**Required action:** Restate, word for word, the lines from the opening line of the data through the line containing "Friedrich Heinrich Alexander", both included, and nothing else.

**Exercise materials:**
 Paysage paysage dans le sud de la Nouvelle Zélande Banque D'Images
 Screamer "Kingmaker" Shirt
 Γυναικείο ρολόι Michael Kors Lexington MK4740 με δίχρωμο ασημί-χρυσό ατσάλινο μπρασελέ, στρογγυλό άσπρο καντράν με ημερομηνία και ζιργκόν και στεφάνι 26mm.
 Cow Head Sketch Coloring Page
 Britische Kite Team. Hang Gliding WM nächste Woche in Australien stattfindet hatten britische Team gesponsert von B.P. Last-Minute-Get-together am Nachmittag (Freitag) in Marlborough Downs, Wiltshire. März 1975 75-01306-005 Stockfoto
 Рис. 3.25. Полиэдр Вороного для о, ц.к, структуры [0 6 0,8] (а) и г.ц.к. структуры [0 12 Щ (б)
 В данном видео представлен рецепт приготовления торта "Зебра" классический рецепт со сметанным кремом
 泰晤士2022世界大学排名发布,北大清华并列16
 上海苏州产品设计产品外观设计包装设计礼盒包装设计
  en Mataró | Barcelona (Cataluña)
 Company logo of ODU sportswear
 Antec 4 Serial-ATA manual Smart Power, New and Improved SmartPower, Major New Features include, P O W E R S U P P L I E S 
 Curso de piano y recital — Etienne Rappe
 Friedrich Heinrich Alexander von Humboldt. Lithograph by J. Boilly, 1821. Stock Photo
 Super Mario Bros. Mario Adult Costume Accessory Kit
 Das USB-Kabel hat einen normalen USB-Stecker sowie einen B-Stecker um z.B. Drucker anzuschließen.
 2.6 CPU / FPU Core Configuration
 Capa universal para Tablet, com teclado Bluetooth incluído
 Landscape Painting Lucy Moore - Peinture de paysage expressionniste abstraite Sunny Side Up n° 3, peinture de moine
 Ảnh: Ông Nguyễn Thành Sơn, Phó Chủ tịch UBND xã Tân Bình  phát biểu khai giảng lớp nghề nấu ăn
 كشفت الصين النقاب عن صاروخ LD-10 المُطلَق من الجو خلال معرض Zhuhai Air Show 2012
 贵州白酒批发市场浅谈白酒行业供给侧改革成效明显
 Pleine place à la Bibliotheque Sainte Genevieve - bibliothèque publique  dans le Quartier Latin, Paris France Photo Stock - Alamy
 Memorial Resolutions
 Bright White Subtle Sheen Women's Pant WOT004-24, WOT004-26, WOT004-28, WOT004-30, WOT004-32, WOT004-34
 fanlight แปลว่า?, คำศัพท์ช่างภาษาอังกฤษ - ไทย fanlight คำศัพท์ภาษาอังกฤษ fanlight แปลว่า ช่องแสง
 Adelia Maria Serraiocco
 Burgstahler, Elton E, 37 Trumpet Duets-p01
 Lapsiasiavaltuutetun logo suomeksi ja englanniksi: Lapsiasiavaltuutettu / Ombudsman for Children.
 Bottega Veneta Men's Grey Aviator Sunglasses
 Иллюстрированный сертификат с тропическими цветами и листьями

**Task solution:**
 Paysage paysage dans le sud de la Nouvelle Zélande Banque D'Images
 Screamer "Kingmaker" Shirt
 Γυναικείο ρολόι Michael Kors Lexington MK4740 με δίχρωμο ασημί-χρυσό ατσάλινο μπρασελέ, στρογγυλό άσπρο καντράν με ημερομηνία και ζιργκόν και στεφάνι 26mm.
 Cow Head Sketch Coloring Page
 Britische Kite Team. Hang Gliding WM nächste Woche in Australien stattfindet hatten britische Team gesponsert von B.P. Last-Minute-Get-together am Nachmittag (Freitag) in Marlborough Downs, Wiltshire. März 1975 75-01306-005 Stockfoto
 Рис. 3.25. Полиэдр Вороного для о, ц.к, структуры [0 6 0,8] (а) и г.ц.к. структуры [0 12 Щ (б)
 В данном видео представлен рецепт приготовления торта "Зебра" классический рецепт со сметанным кремом
 泰晤士2022世界大学排名发布,北大清华并列16
 上海苏州产品设计产品外观设计包装设计礼盒包装设计
  en Mataró | Barcelona (Cataluña)
 Company logo of ODU sportswear
 Antec 4 Serial-ATA manual Smart Power, New and Improved SmartPower, Major New Features include, P O W E R S U P P L I E S 
 Curso de piano y recital — Etienne Rappe
 Friedrich Heinrich Alexander von Humboldt. Lithograph by J. Boilly, 1821. Stock Photo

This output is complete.